With deer hunting season in full swing, this time of year also brings an increased risk of vehicle-deer crashes on Michigan roads.

More vehicle-deer crashes occurred in November across the state than any other month in 2019, according to data released by the Michigan Office of Highway Safety Planning, a division of the Michigan State Police.

With more deer on the move during the fall in large part due to their mating season, it's no surprise almost half of all deer crashes took place during the last quarter of the year.

"Bucks are literally chasing does right now in hopes of reproducing, and so they tend to motivate the movement even more so," Rachel Leightner, Wildlife Outreach Coordinator for the Michigan Department of Natural Resources said. "And that’s usually why we see an increase in deer-vehicle collisions right now."
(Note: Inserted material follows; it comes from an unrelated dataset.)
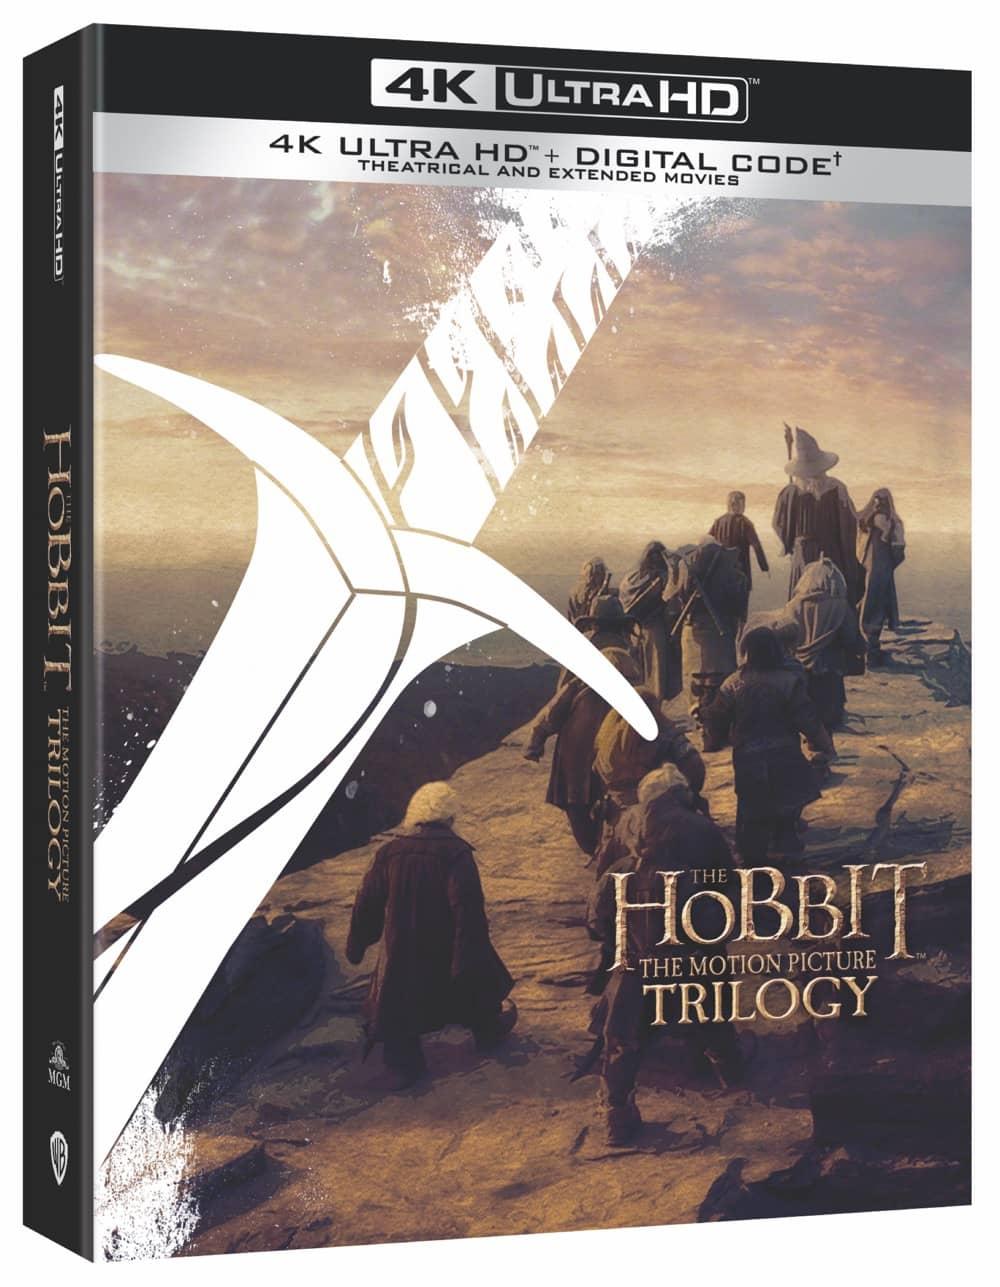 HOBBIT TRILOGY 1000756530 4K SC 3D FINAL WW SKEW1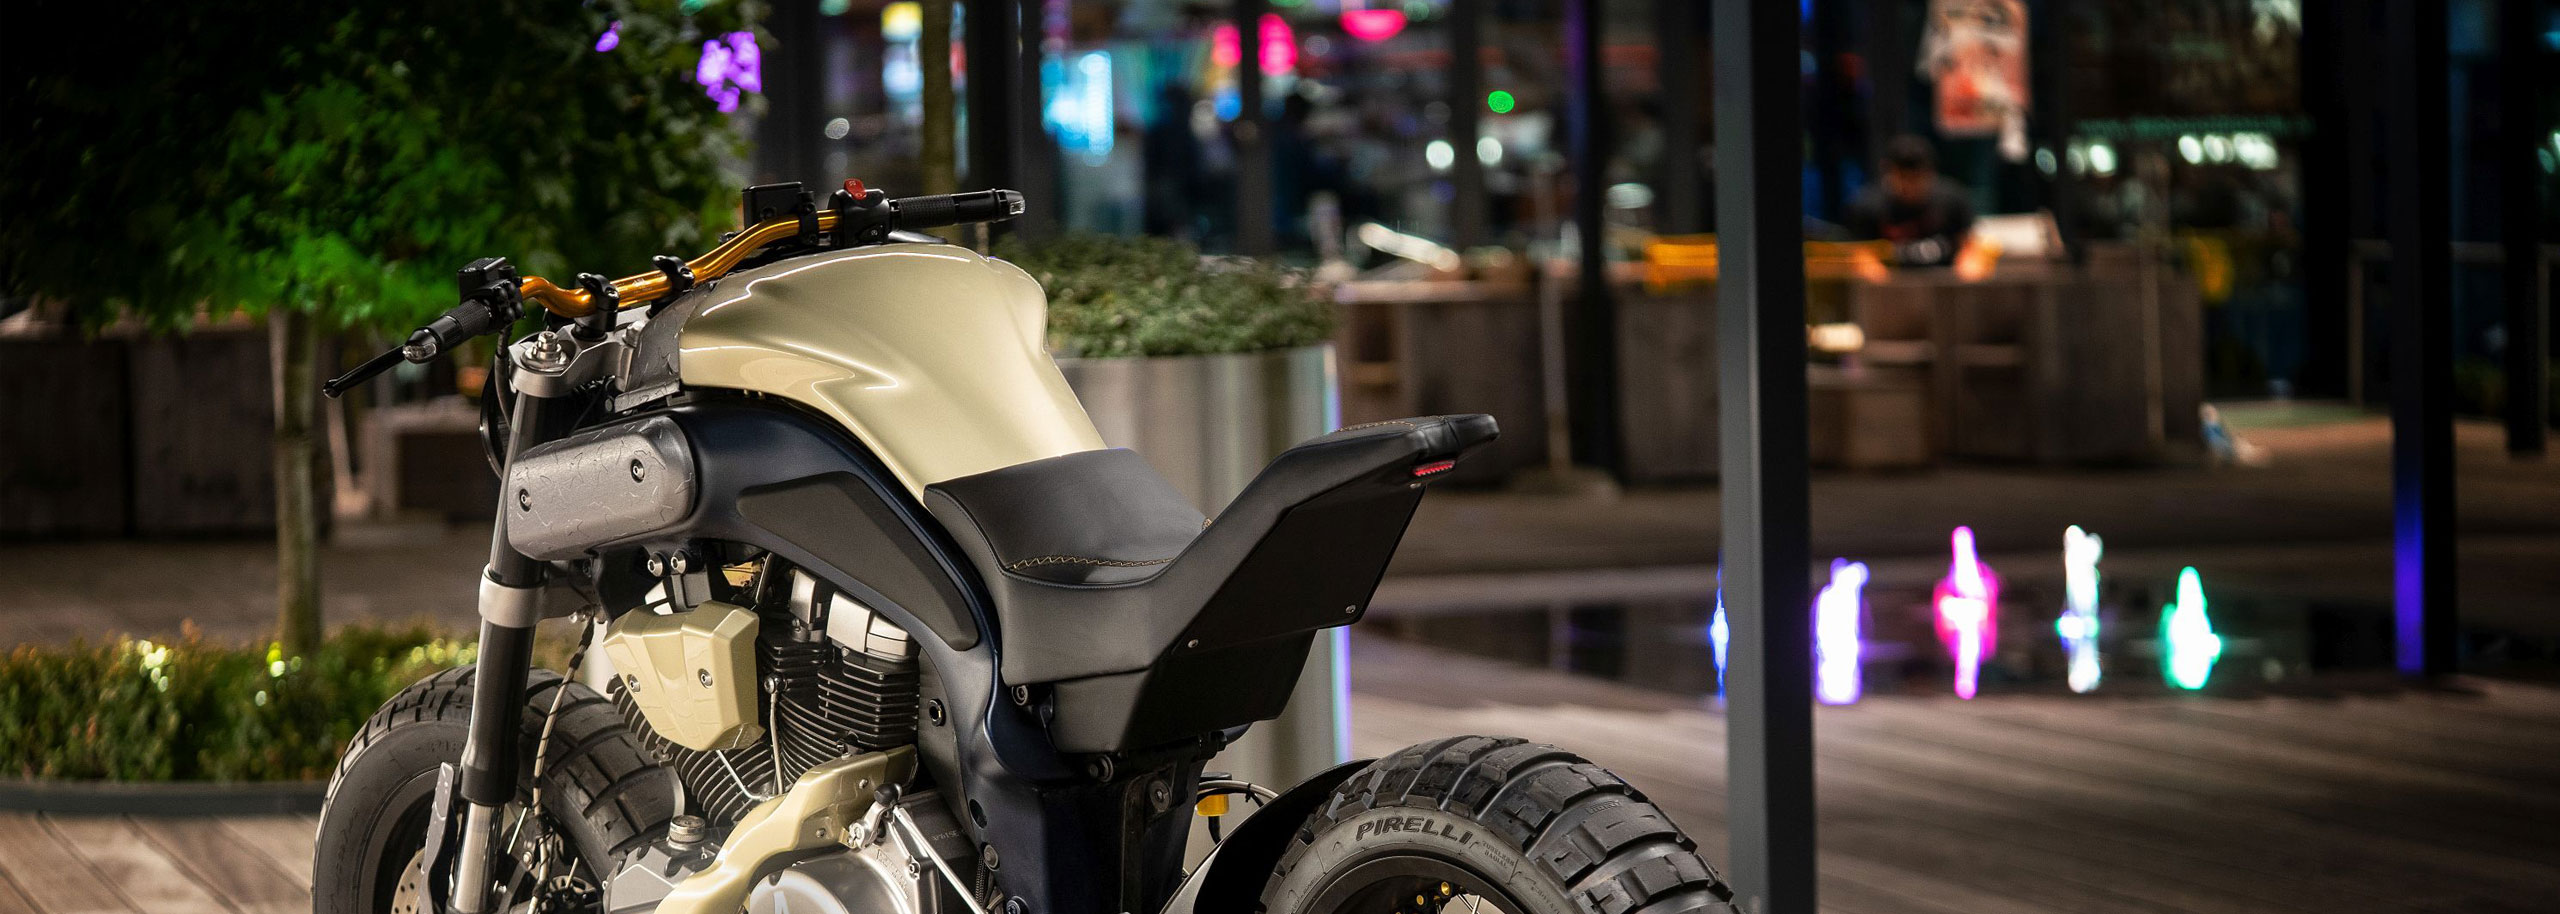 TITAN-Motorcycle-Cafe-Racer-Austria-Custom-Bike-Styria-Yamaha-MT-01_02

It's not only the rut causing deer to be more active. "There is high pressure in the woods causing deer to move. Even the smell of a hunter will cause a deer to flee an area, let alone a gunshot will cause multiple deer to flee in multiple ways, and so there’s a lot of factors in deer movement right now," Leightner said.

In 2019, Michigan had 55,531 motor vehicle-deer crashes, which made up 17.7% of the total crashes in Michigan.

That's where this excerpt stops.